Henry Troup - H.Troup at BNR.CA (Canada) - BNR owns but does not share my opinions
Strong Usenet Anthropic Principle: the Net exists so you can see my .sig
From: Sheri.Stanley at p911.f1066.n374.z1.fidonet.org (Sheri Stanley)
Date: 19 Jan 94 09:21:05 -0500
Subject: Cooking Lots of Rice (was Re: cook grain w/o burning)
Organization: Fidonet:The Blue Barrel Brewery (1:374/1066.911)
aNE> : Is the method for cooking large batches of rice similar? Cariadoc, in
aNE> his : Miscellany, mentions (off hand) that there is a way to cook rice
aNE> that : depends mostly on the retained heat of the boiling water but he
aNE> doesn't : give details.
I usually cheat...I just use "minute" rice (it never burns, it's always
cooked all the way through, and it frees up cooking pots in a big hurry).
If the budget will allow, I find that this is the best way to go (though
shockingly non-period - blush).
From: DDF2 at cornell.edu (David Friedman)
Subject: Re: Cooking Lots of Rice (was Re: cook grain w/o burning)

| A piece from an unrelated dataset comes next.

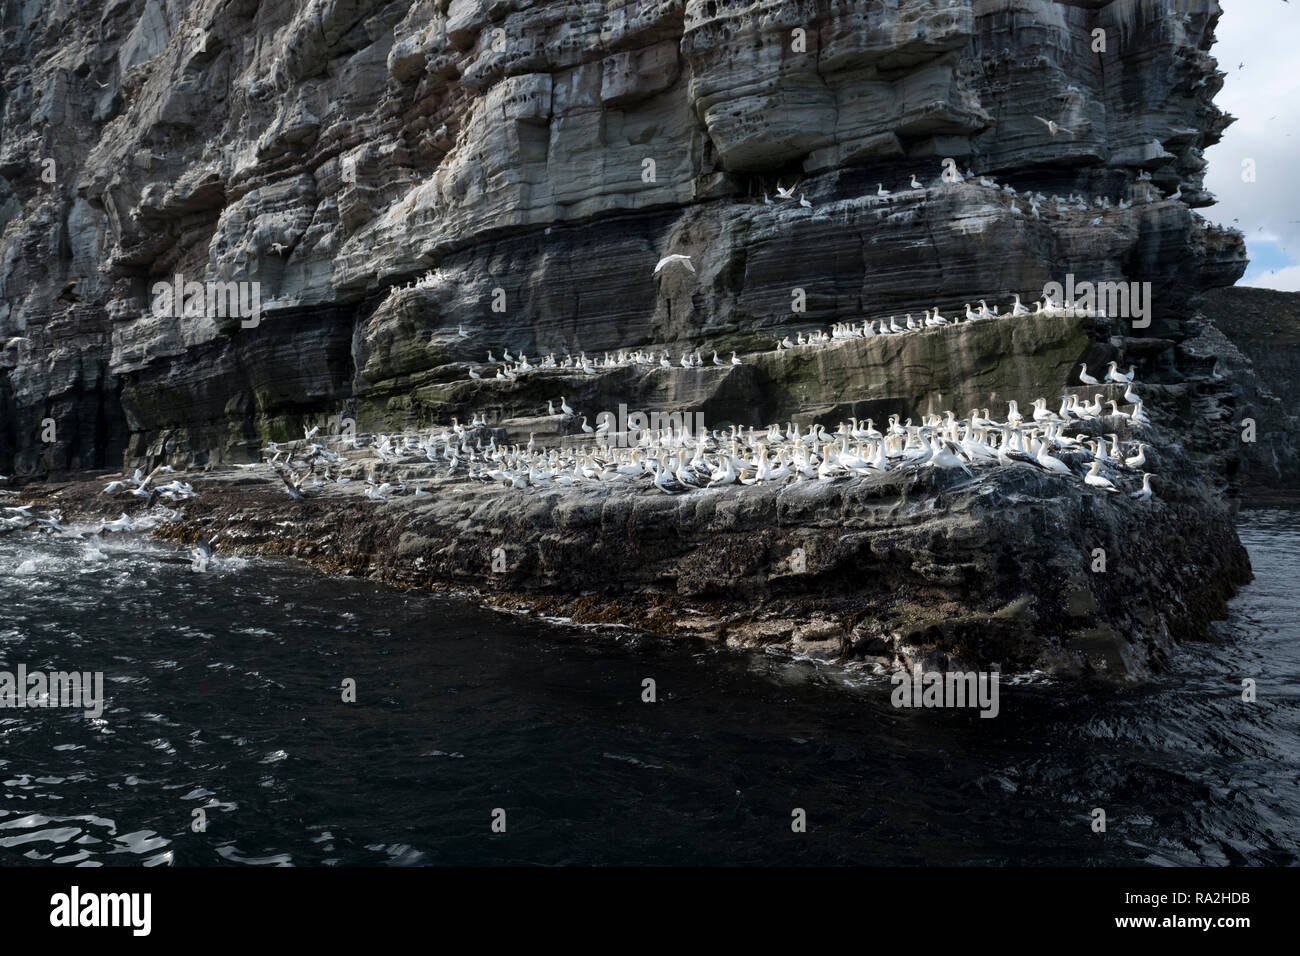 Rock formations sur l'île de Noss dans les îles Shetland de l'Ecosse par un beau jour ensoleillé rempli de milliers d'oiseaux nicheurs Banque D'Images

Date: 24 Jan 1994 05:42:55 GMT
Organization: Cornell Law School
Sheri.Stanley at p911.f1066.n374.z1.fidonet.org (Sheri Stanley) wrote:
> aNE> : Is the method for cooking large batches of rice similar? Cariadoc, in
> aNE> his : Miscellany, mentions (off hand) that there is a way to cook rice
> aNE> that : depends mostly on the retained heat of the boiling water but he
> aNE> doesn't : give details.
1. I think the passage you are thinking of is in a article by Elizabeth, my
2. My current system for rice is very similar to what was described. Bring
the water to a boil. Add the rice. Bring the water back to a boil, stirring
occasionally. Cover. Remove from heat. With big pots (i.e. 5 gallons+) it
should cook without further heat or stirring.